Carlos Esquivel Guerra

Dossier

Carlos Esquivel Guerra es un nombre referencial en las actuales letras cubanas. Miembro de una generación de reconocido poetas, ha impuesto su estilo personal en una prolífica y sólida obra que le han valido el respeto de los más importates críticos cubanos en el género. Su narrativa, de una singularidad expresiva que lo diferencia de las modalidades narrativas imperantes en su generación y en el país, lo convierten además en una exquisita voz del cuento y la novela. Sobre su impacto, el escritor cubano José Kozer ha dicho:

Poesía que siendo cubana remueve lo cubano y se mueve en direcciones que van volviendo la poesía cubana en una poesía abierta, tumultuosamente tranquila, no señera y soberana, sino rala e inmensa. Poeta referencial, estructuras ortodoxas en las que incrusta la propia desazón arraigada en la desazón de la patria devastación, la construcción en la ruina y con las ruinas ir trazando desde el polvo y la caída (el gordo Lezama cae, qué no habrá desfondado) y mediante la ironía una continuación discontinua, una poesía que con otros poetas de su generación van desbrozando calidad en caminos más inéditos que se acercan a la necesidad de lo ulterior, que está a la mano, intuyen.
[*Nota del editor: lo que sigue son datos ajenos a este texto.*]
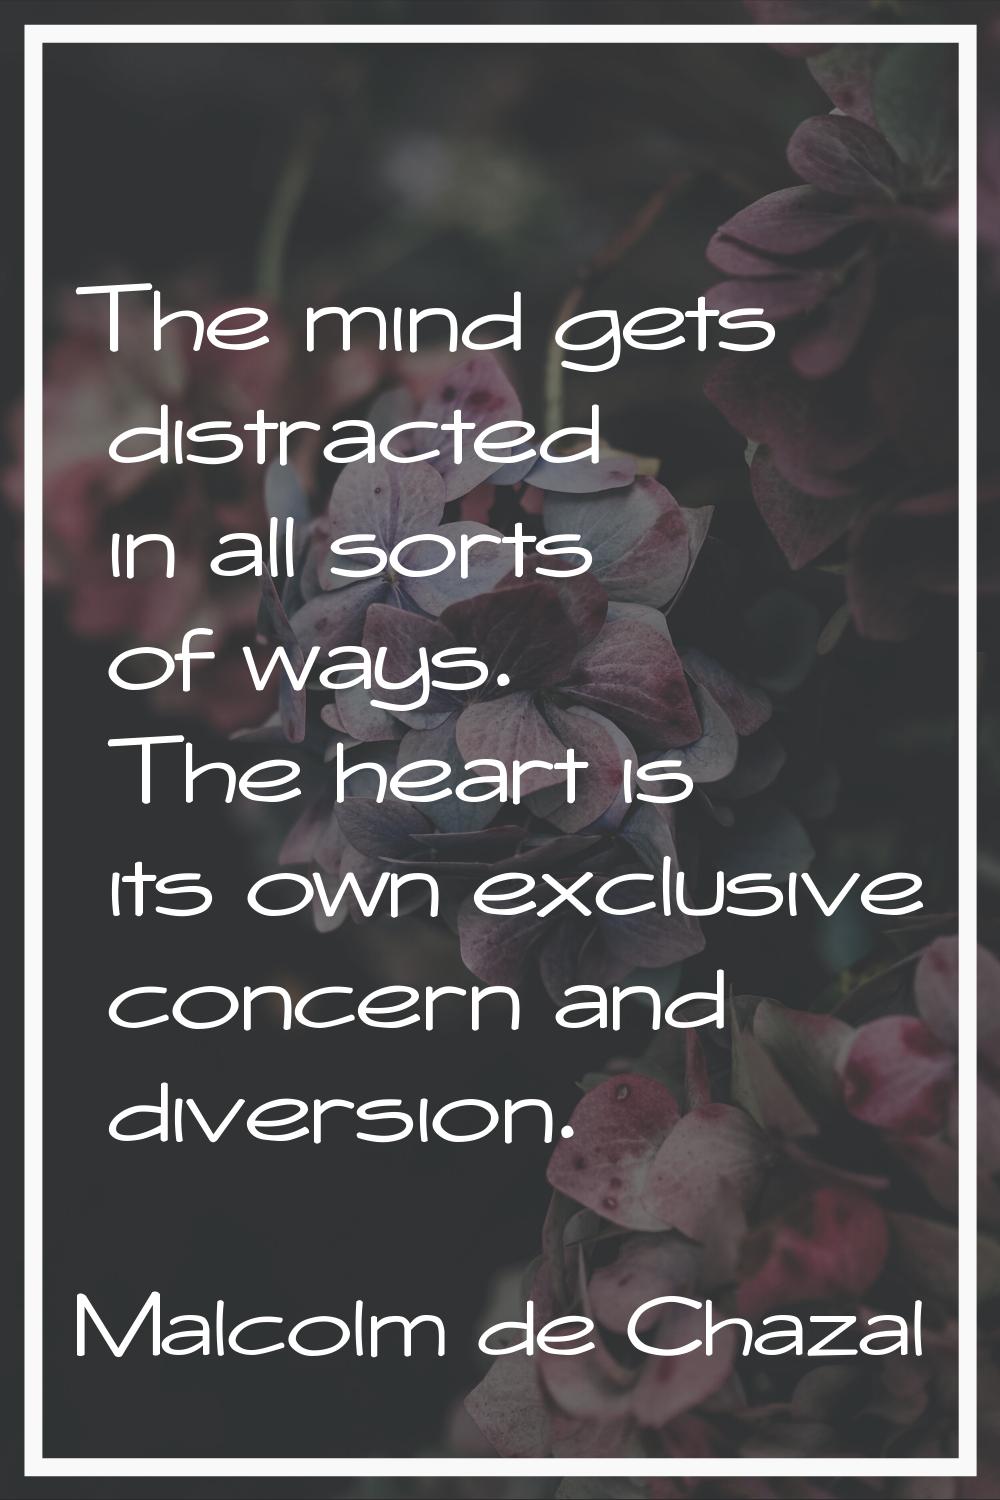 The mind gets distracted in all sorts of ways. The heart is its own exclusive concern and diversion

Tanto la poesía como la narrativa de Carlos Esquivel Guerra sobrepasan los límites de su natal Elia, en el oriente rural del país, y se lanzan a conquistar la universalidad que toda obra literaria aspira. Su humildad, su sencillez y su cordialidad, también, le han granjeado la admiración de escritores cubanos de todas las generaciones. Uno de ellos, el recientemente fallecido Pedro López Cerviño, escribió de este autor lo siguiente:

Carlos Esquivel  es sin dudas uno de los grandes escritores actuales. Nada del realismo burdo hallaremos en los trazos con que llena la página en blanco  como si los escribiera sobre nuestra misma piel. Asume las encrucijadas del hombre como si fueran propias y da voz al secreto, al entredicho, a la pregunta jamás respondida. El cine, las guerras, los fantasmas del pasado, la memoria del país, el béisbol, el futboll… Todas las pasiones se vuelcan en única vorágine. Cada cuento, cada poema nos deja una angustiosa cicatriz, la misma que le dejó a él  el trance de la escritura como un acto de Fe, una autobiografía  nostálgica y terrible, una pesada carga de la que no puede desasirse. En el cuento, la novela, el verso blanco, la décima, Carlos Esquivel se muestra renovador, revolucionario en todo el sentido que abarca el concepto, trasgresor, intertextual en todas sus múltiples lecturas y saberes. Un escritor maduro que escribe lo que sabe porque sabe lo que escribe.

OtroLunes, entonces, agradece a Carlos Esquivel Guerra toda la colaboración prestada para poder presentar a uestros lectores este breve dossier sobre su imprescindible obra.